Referencing a Webpage Quickly
03 Oct 2019 - Richard Horridge
I have a fairly simple problem I need to solve - getting a reliable bibliography entry from a webpage. I want it to look like this, ideally:
@comment{Template for a bibliography entry for a website} @comment{Each variable is in angle brackets} @misc{<label>, AUTHOR = {<author>}, JOURNAL = {<website>}, MONTH = {<month_published>}, NOTE = {Online; posted <year_published>-<month_published>-<day_published>; accessed <year_accessed>-<month_accessed>-<day-accessed>}, TITLE = {<title>}, URL = {<page_url>}, YEAR = {<year_published>}, } @comment{Example of a complete entry} @misc{milberg09_ibm_hp, AUTHOR = {Ken Milberg}, JOURNAL = {IBM Developer }, MONTH = 09, NOTE = {Online; posted 2009-Sep-29; accessed 2019-Sep-05}, TITLE = {IBM and HP virtualization}, URL = {https://www.ibm.com/developerworks/aix/library/au-aixhpvirtualization/index.html}, YEAR = 2009, }
As always, simple problems end up being more complex than first thought.
I wrote the following Bash script which extracts a date from the
Wayback Machine version of the URL, which usually updates each time
the source website is updated. It isn't as accurate as pulling the
date directly from the website (e.g. Published on 3rd October
2019
) but is more reliable, as many websites do not list a publish
date.
DATESTR="$(curl -Ls -o /dev/null -w '%{url_effective}' https://web.archive.org/web/"$1" | \ sed -E 's/.*web\/([0-9]+)\/http.*/\1/')"; DATEINPUT="${DATESTR:0:8}"; date --iso-8601 --date="${DATEINPUT}";
However, if the website has not been archived by the Wayback machine this obviously does not work.

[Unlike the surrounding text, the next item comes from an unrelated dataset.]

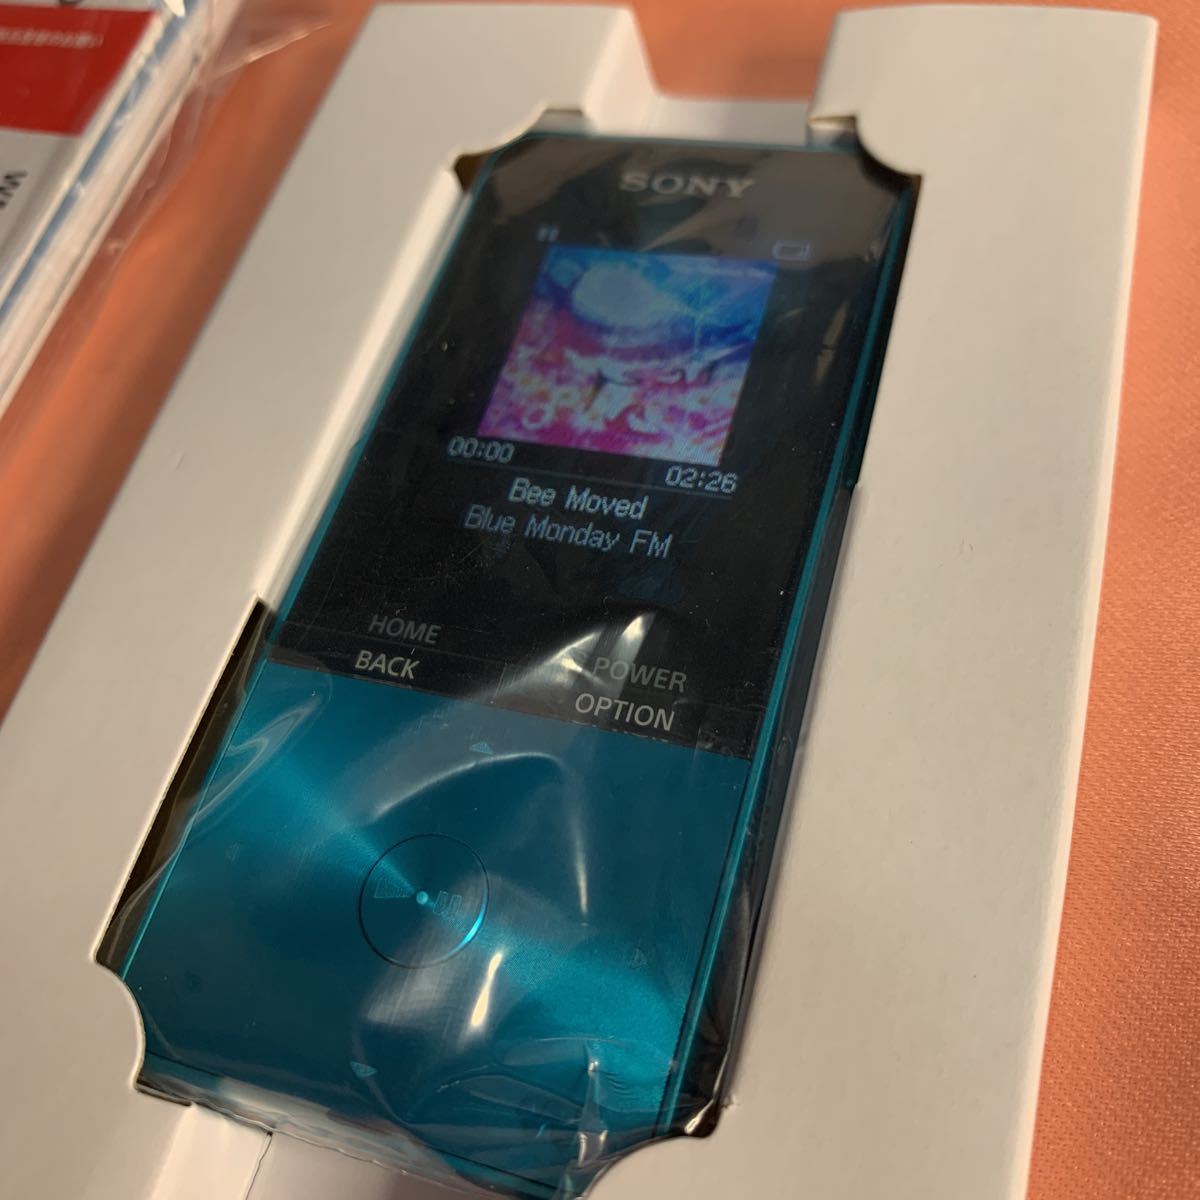 ソニー ウォークマン Sシリーズ 16GB NW-S315 MP3プレーヤー Bluetooth対応 最大52時間連続再生 イヤホン付属 ブルー  新品未使用品(本体)｜売買されたオークション情報、ヤフオク! の商品情報をアーカイブ公開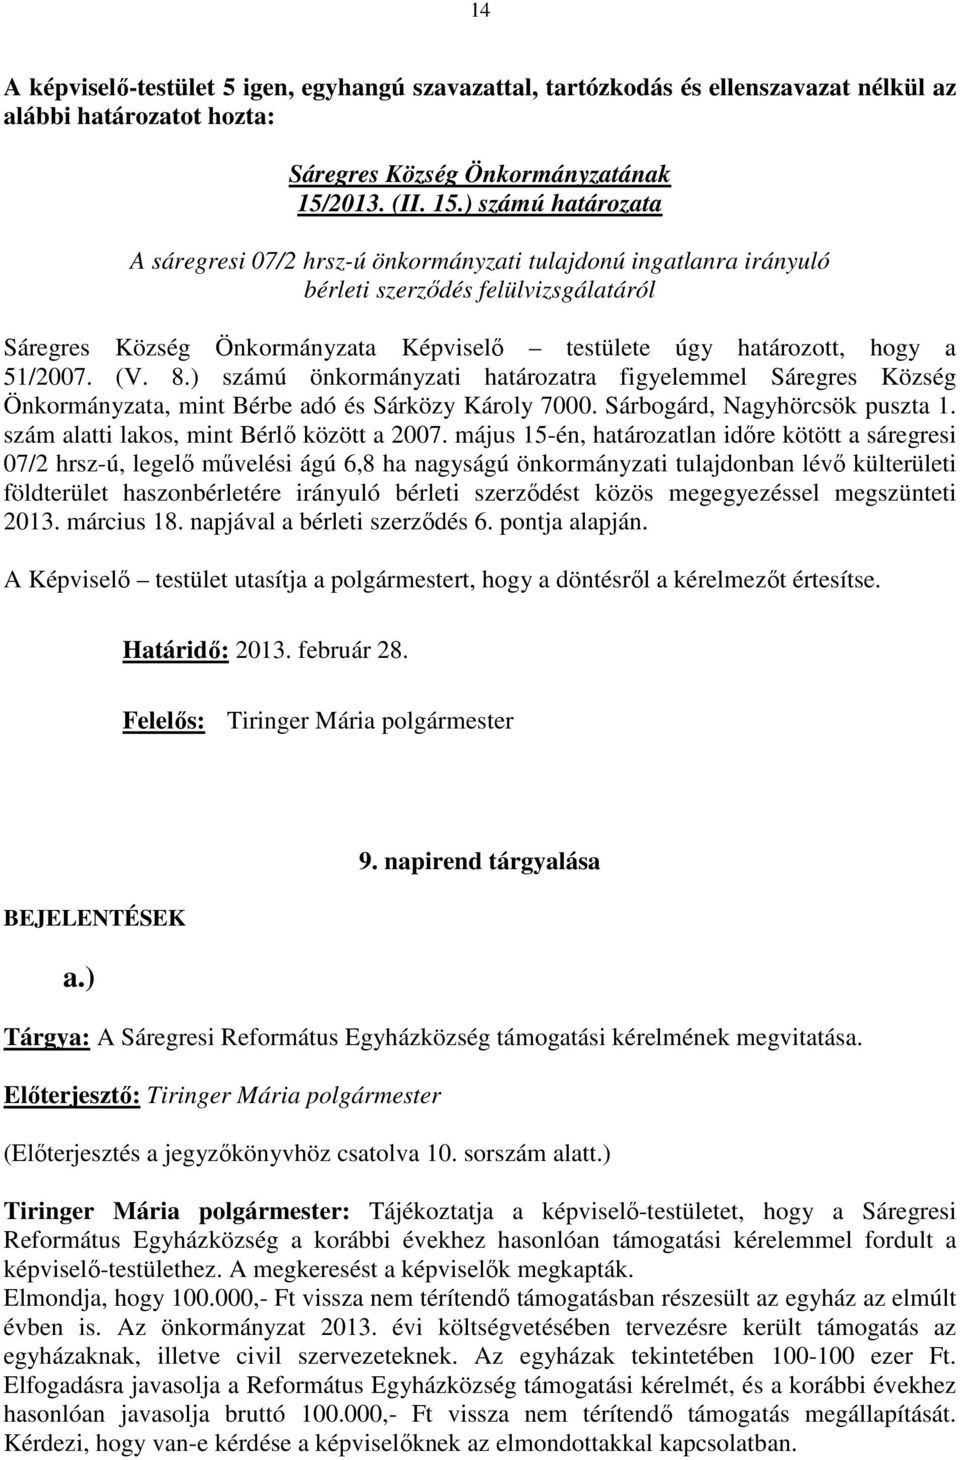 ) számú határozata A sáregresi 07/2 hrsz-ú önkormányzati tulajdonú ingatlanra irányuló bérleti szerzıdés felülvizsgálatáról Sáregres Község Önkormányzata Képviselı testülete úgy határozott, hogy a

Another issue with the Wayback Machine is that it occasionally redirects
to a URL with save
in, rather than a series of digits
corresponding to a date. This process is the Machine saving the URL
on that date, indicating the page has not been saved previously. I'm
not sure why this happens exactly, but in most cases my code works
as expected.
Some pages use a <time>
tag to indicate when a page was
published. This is a better method than using the Wayback Machine
and will be preferred.
Getting a page author is less simple - there is no standardised
format for an author on a webpage. A useful WikiHow article lists
several options; the only way currently active in my program
involves splitting the page title on the |
or -
characters and
taking the latter.
Getting the title of a page is, in theory, straightforward - it sits
within <title>
tags. Matching these can be done using regular
expressions, although this becomes more complicated if the tag spans
multiple lines and an XML parser is required. In python3
the most
commonly used library is BeautifulSoup and this is what I used.
Obtaining the JOURNAL
field can be done by matching a HTML meta
tag, such as the following examples:
<meta property="og:site_name" content="Docker" /> <meta name="rights" content="© Copyright IBM Corporation 2019" />
These both have potentially useful names for a JOURNAL
field.
I rewrote my initial script in Python and the following excerpt produces a Bibtex entry as required:
print (""" @misc{{label, URL = {{{0}}}, JOURNAL = {{{1}}}, AUTHOR = {{{2}}}, TITLE = {{{3}}}, YEAR = {{{4}}}, MONTH = {{{5}}}, NOTE = {{Online; posted {6}; accessed {7}}}, }} @comment{{File at "{8}"}} """.format (url, webpage_journal.strip(), title_author[1].strip(), title_author[0].strip(), published_date.year, published_date.month, published_date.strftime ("%Y-%b-%d"), datetime.now().strftime ("%Y-%b-%d"), local_path))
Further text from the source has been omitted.